TASK PROMPT »
Keep the text of the data exactly as it is and omit each picture from the copy.

AVAILABLE DATA »
════

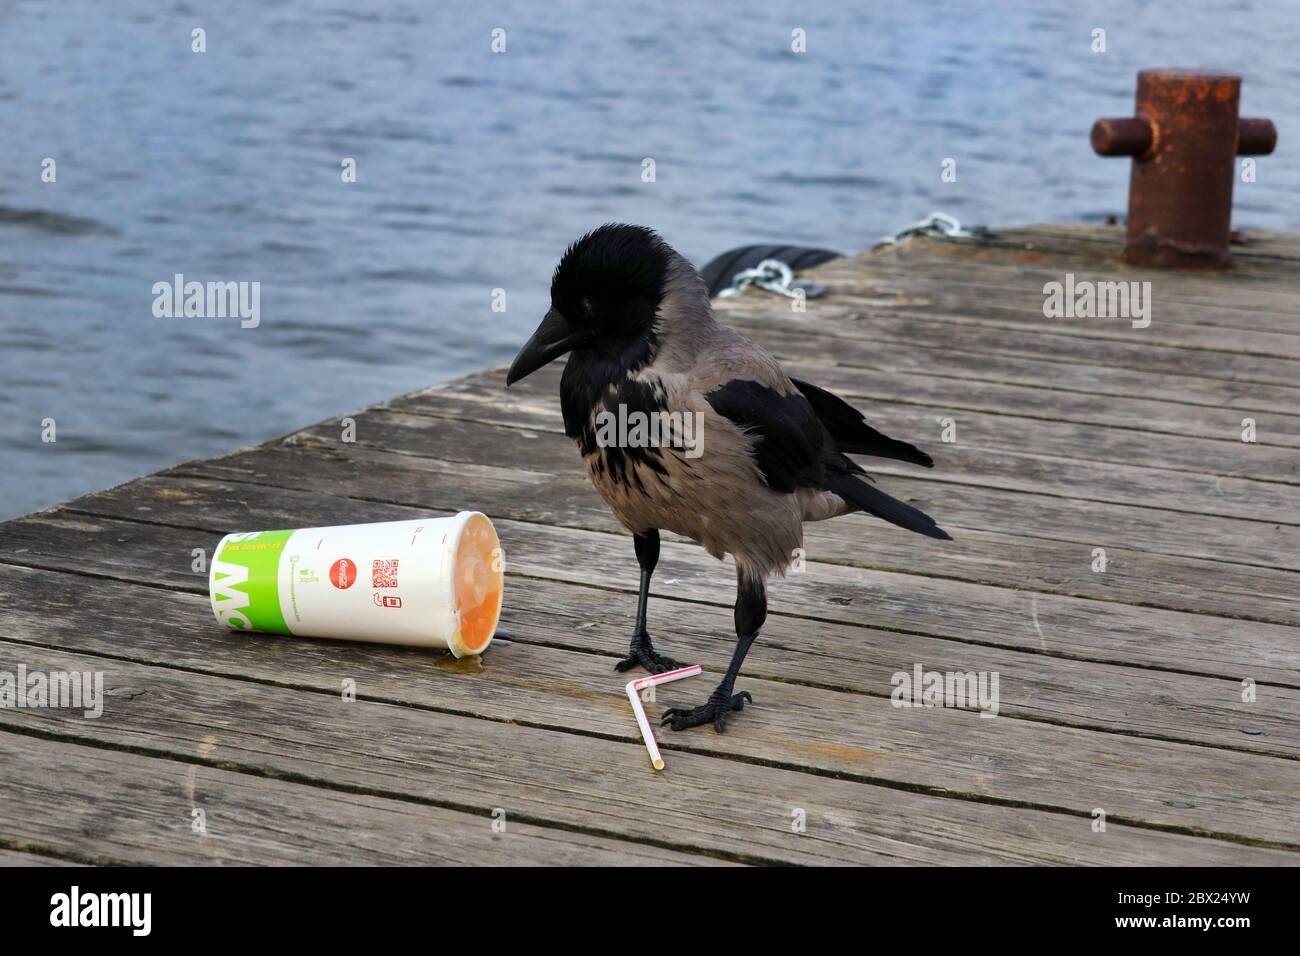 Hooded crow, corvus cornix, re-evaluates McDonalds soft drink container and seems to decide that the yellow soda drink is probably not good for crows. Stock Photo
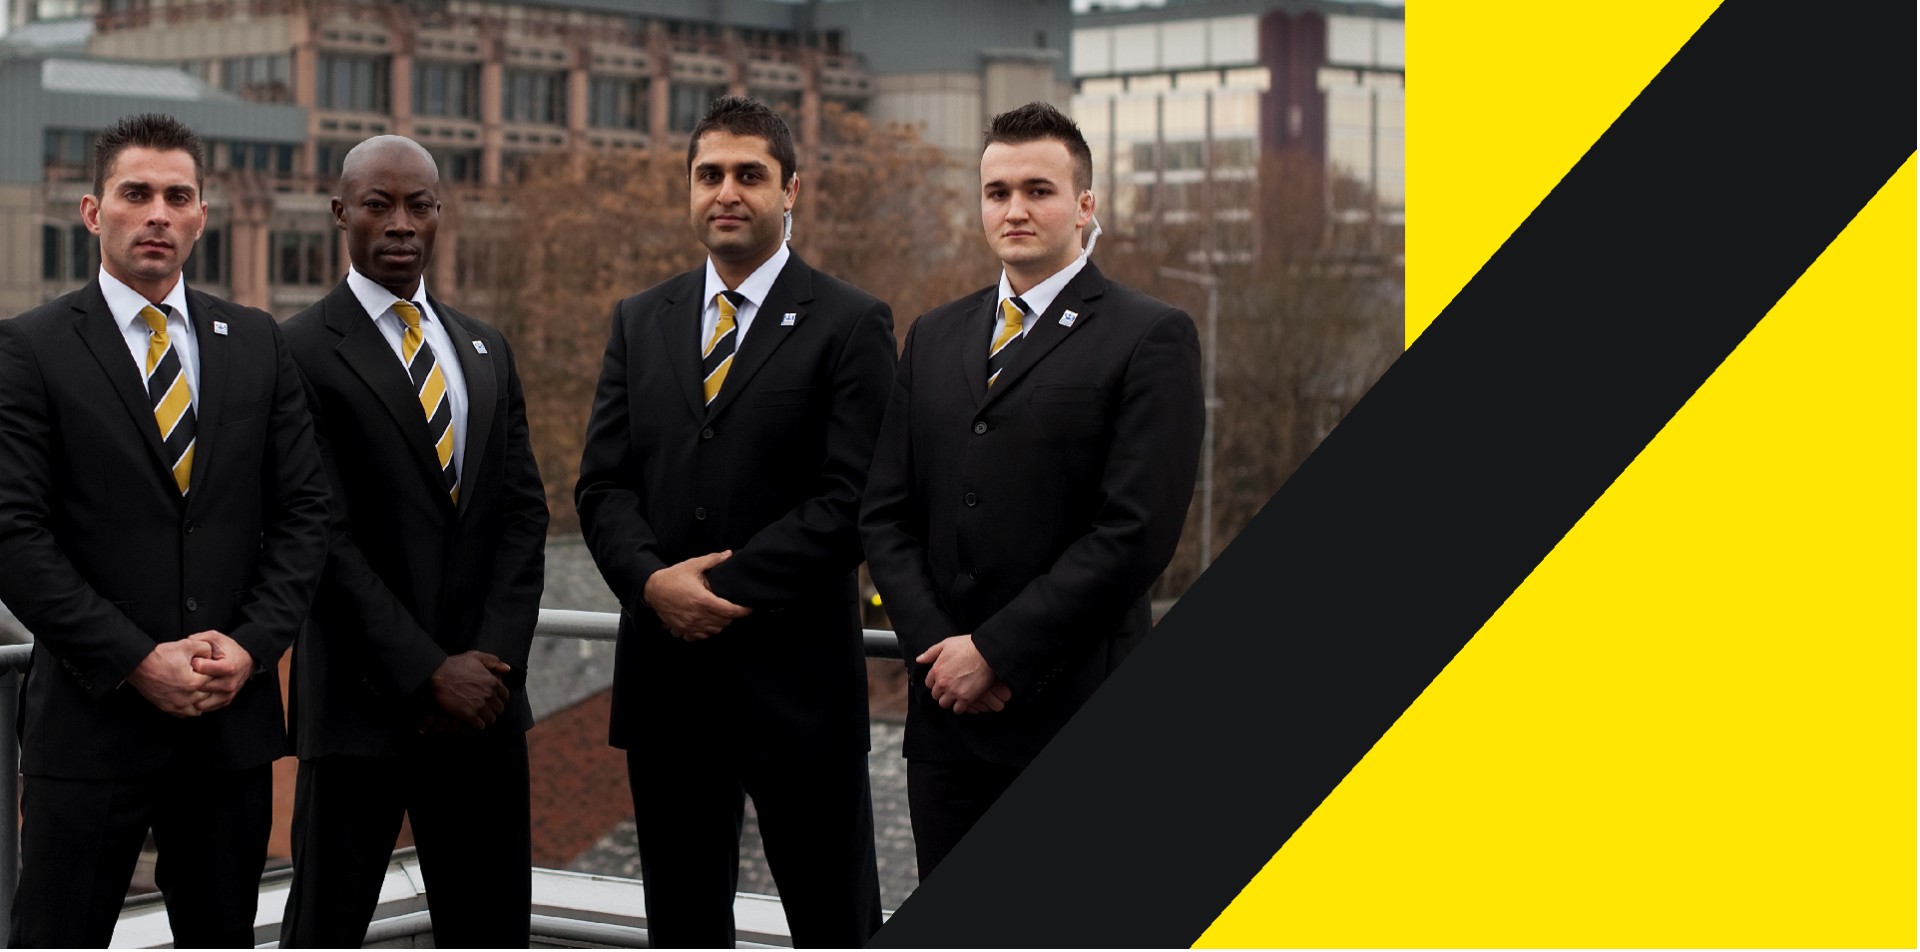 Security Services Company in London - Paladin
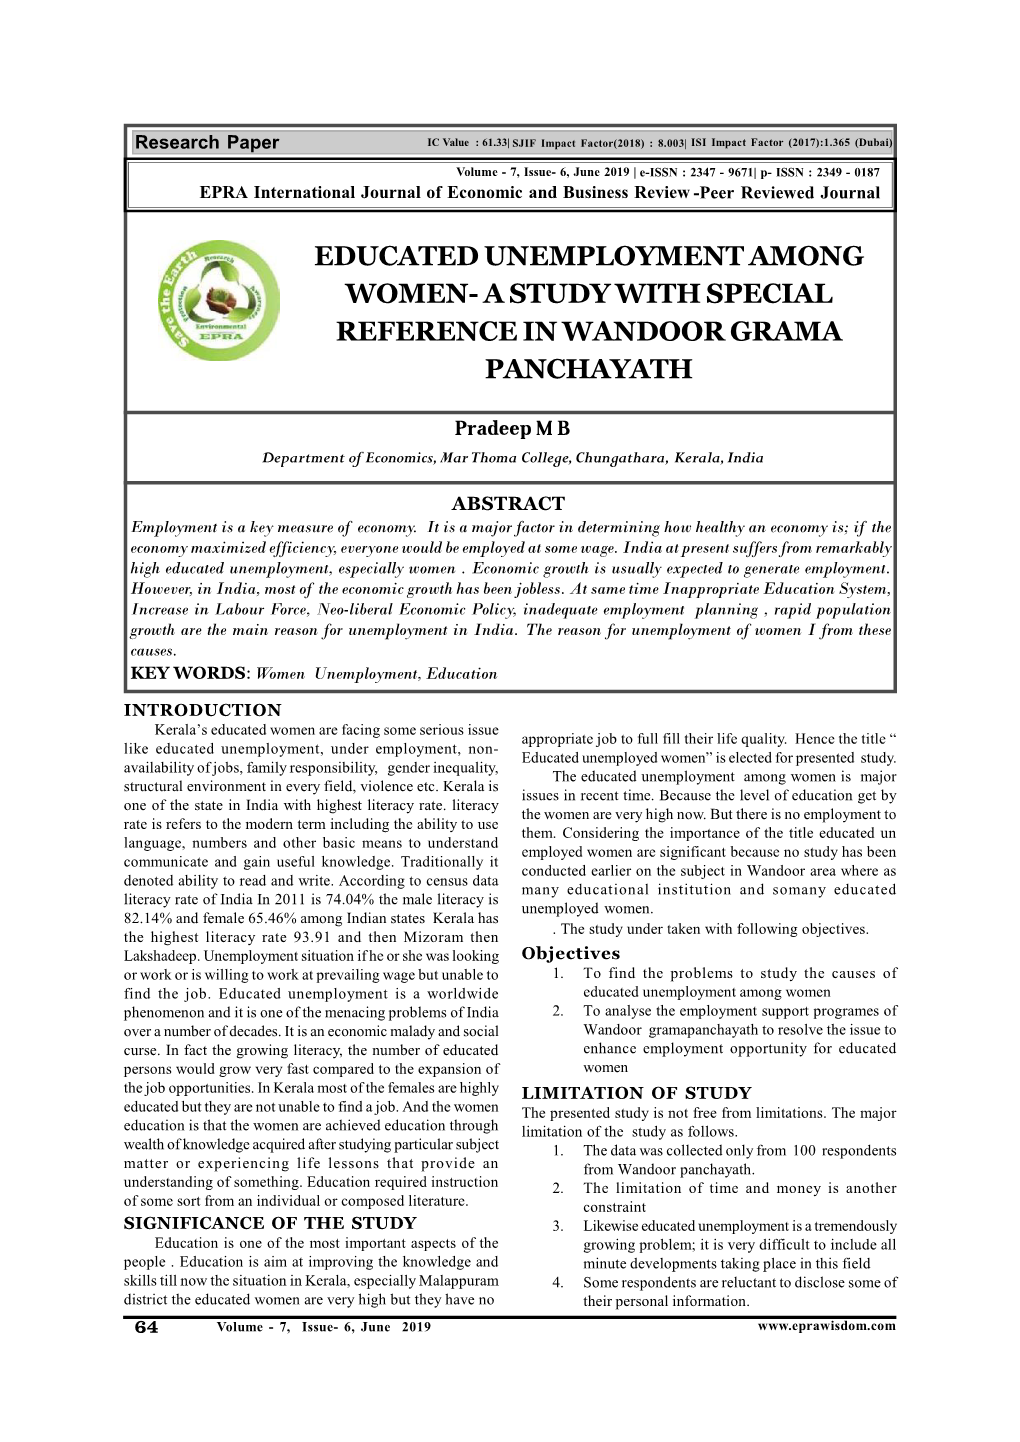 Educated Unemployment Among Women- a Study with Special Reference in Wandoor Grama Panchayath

════

ANSWER TO THE PROBLEM »
 Hooded crow, corvus cornix, re-evaluates McDonalds soft drink container and seems to decide that the yellow soda drink is probably not good for crows. Stock Photo
 Security Services Company in London - Paladin
 Educated Unemployment Among Women- a Study with Special Reference in Wandoor Grama Panchayath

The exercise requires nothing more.